The term NT (nuchal translucency) describes a collection of fluid under the skin between the skin and soft tissue at the back of the baby’s neck. By measuring the NT between the 11+0 and 13+6 week of pregnancy or CRL of 45-84 mm), it should be possible to judge whether there is a statistically increased risk of a child with trisomy 21 (Down’s syndrome), trisomy 18 (Edwards’ syndrome) or trisomy 13 (Patau’s syndrome). If, in all cases with an NT above the 95th percentile, a chromosomal analysis is carried out, around 75 % of pregnancies with a trisomy are detected. A differential risk analysis taking age and previous history into account can increase the detection rate to over 80 %. Combined with two biochemical laboratory values (PAPP-A and free ß-hCG) in the maternal blood, the detection rate is increased another 10 % to 90 %.


Should this result in an increased risk, then we will talk to you and discuss whether and in what form a further direct and possibly invasive diagnosis should be carried out. In this consultation situation, we always pay attention to your individual expectations and wishes.


An enlarged NT can also be found more often than not, however, in babies with a heart defect and a number of other disorders described in literature (e.g. skeletal abnormalities and metabolic defects), so that in case of normal chromosomal analysis, an early organ diagnosis (organ ultrasound) and a detailed examination of the heart (fetal echocardiography) can be arranged.


Studies have shown that, as part of the first trimester screening with a later examination with blood analysis in approx. the 11th week of pregnancy and an ultrasound scan in approx. the 13th week of pregnancy, compared to simultaneously analysing these components (so-called Oscar, one stop clinical assessment of risk), the highest rate of detection can be achieved with ultrasound screening for chromosome anomalies, particularly Down’s syndrome. Furthermore, it is thereby possible to incorporate the so-called second step parameters from advanced screening according to the FMF guidelines (nasal bone, ductus venosus, tricuspid valve flow) in the risk analysis. This is useful if, after the first risk analysis, no assignment to the high-risk or low-risk group is possible, but instead there is a so-called intermediate risk (T21 risk between 1:50 and 1:1000).


The software licence required for the risk analysis is only made available to examiners who have been certified by the Fetal Medicine Foundation, London. Using the risk profile determined by these means, it is possible to customise the decision regarding further diagnostic measures (e.g. organ ultrasound, chorionic villus sampling, amniocentesis). We therefore offer all patients this version of first trimester screening. The overall result can be discussed with the patient immediately after the ultrasound scan.


Naturally these enhanced diagnostic measures can also be carried out by us after an examination carried out elsewhere showing an intermediate risk result.
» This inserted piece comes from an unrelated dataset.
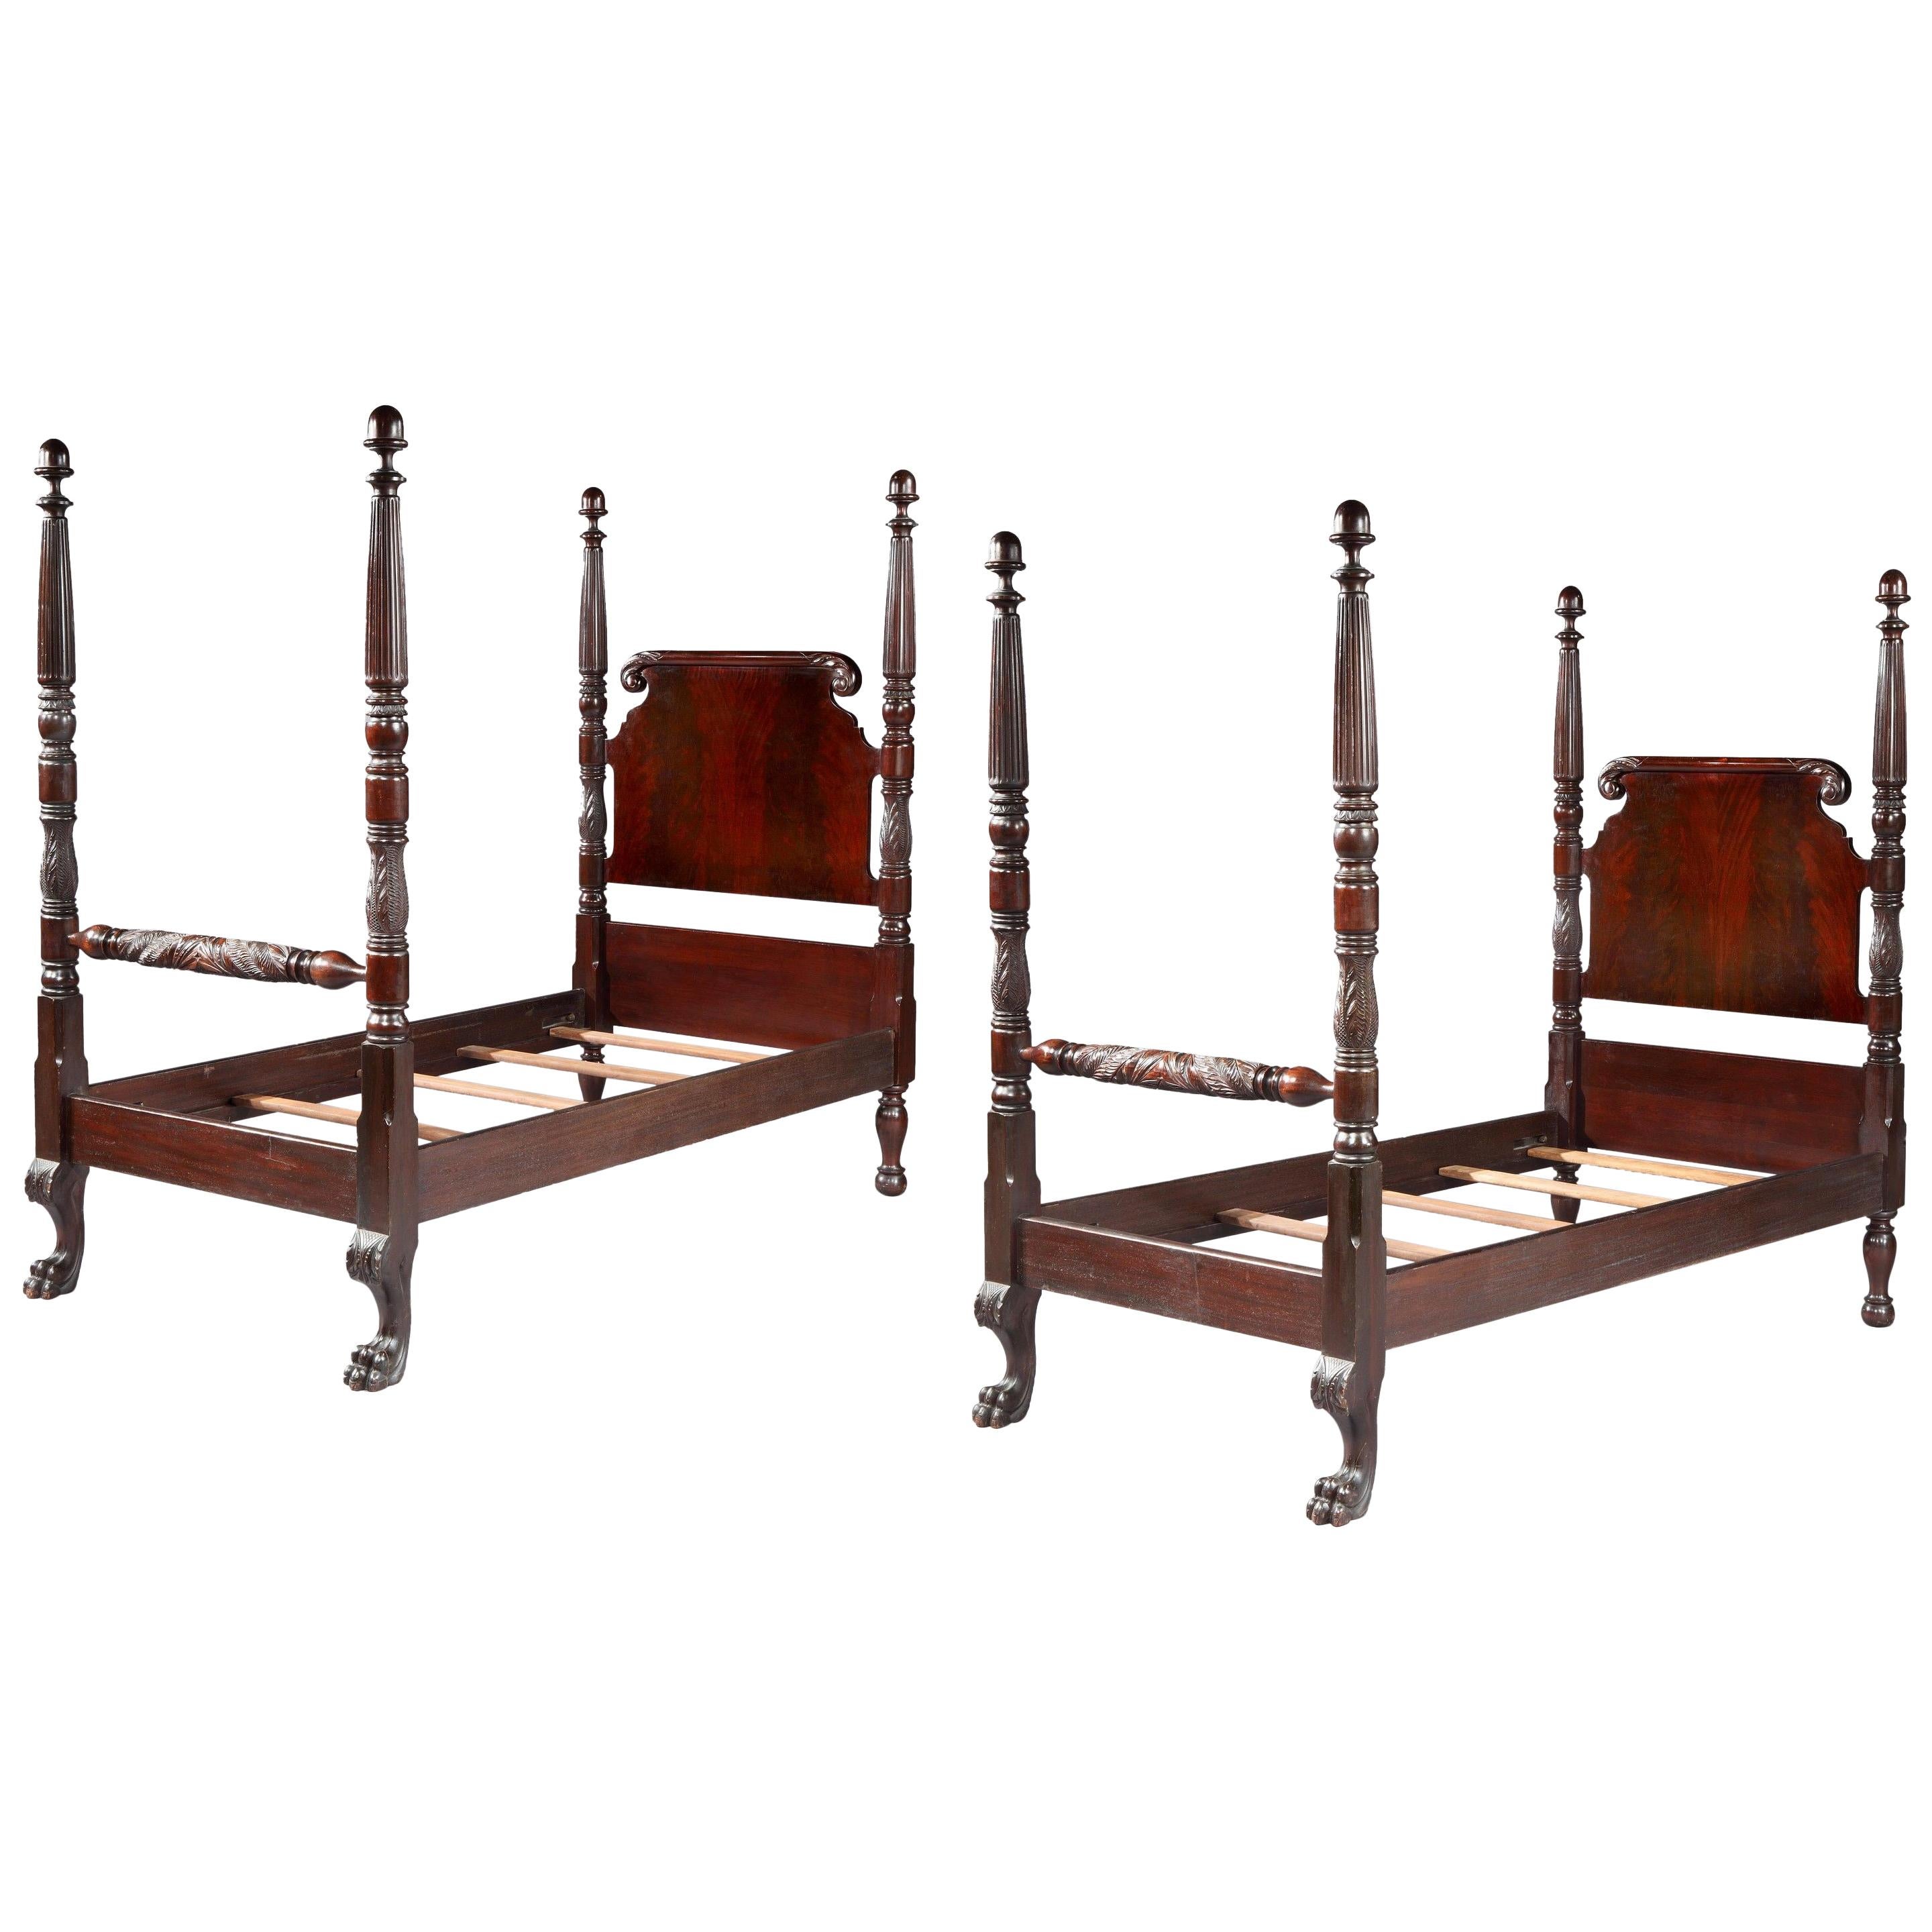 Pair of Beds, 19th Century, American Colonial-Style, Mahogany, ‘Antiquarian’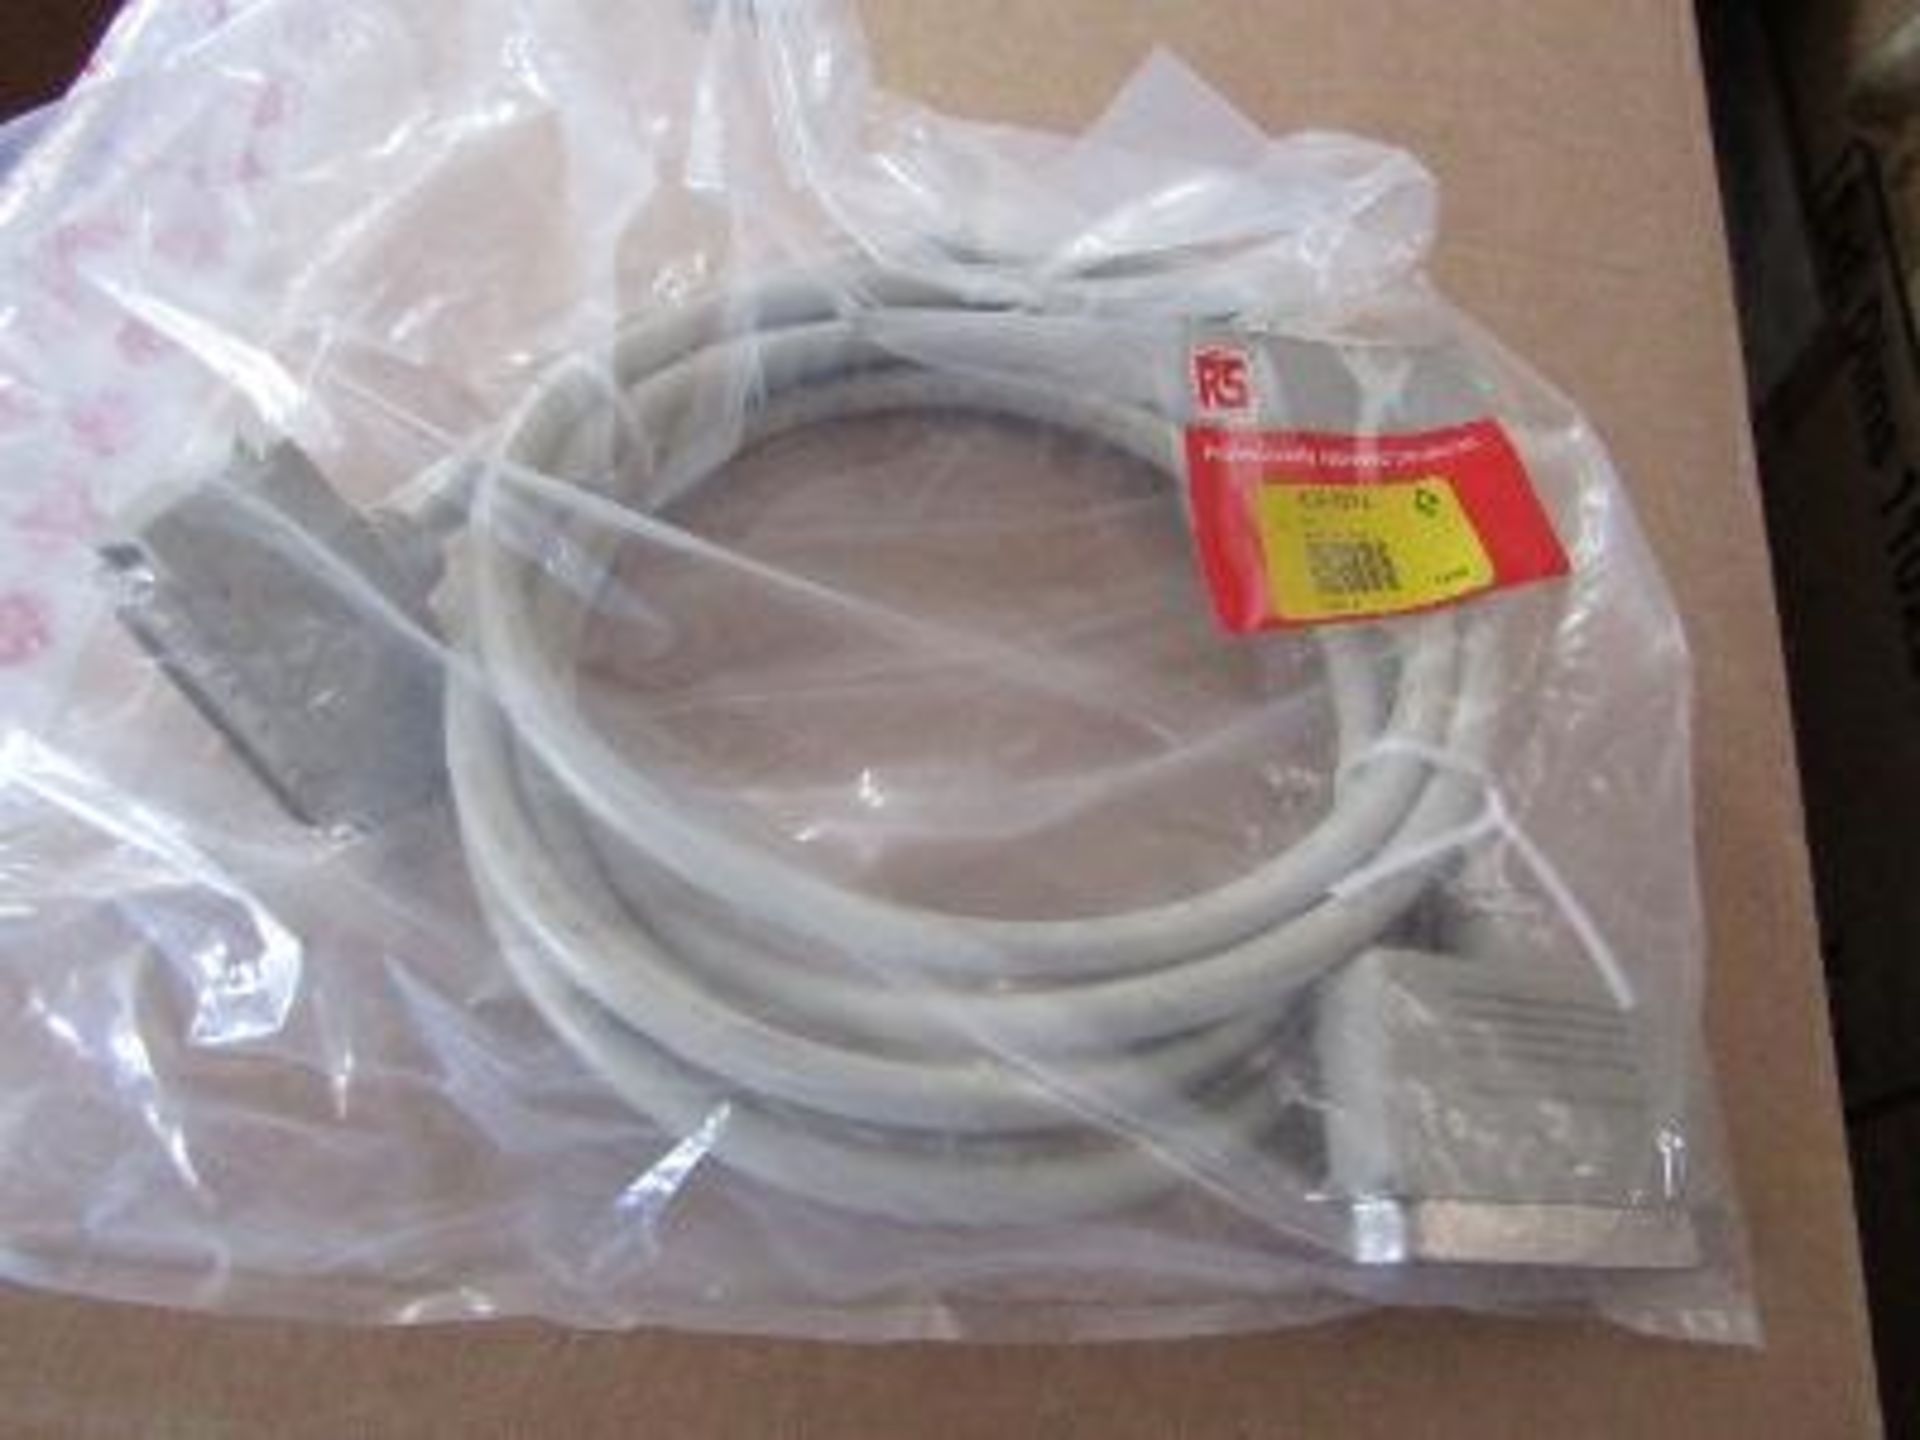 Over 25 x SCSI I-SCSI III cable connector,2m

The test available since 2012 for trisomy 21, 13 and 18 (NIPT) from the mother’s blood cannot replace the first trimester screening, as it is unable to make a statement about other chromosomal defects, genetic disorders or fetal malformations. In certain situations it can be useful as a complement to the first trimester screening. We can advise you about this as part of the ultrasound scan. Before the test can be carried out, a consultation from a specialist for human genetics is also necessary.


Risk of preeclampsia
Preeclampsia and placenta under-function are other risk situations that are estimated at our practice as part of the first trimester screening. In case of increased risk, preventive / therapeutic intervention is possible here and appropriate monitoring of the pregnancy can help to improve the course of pregnancy.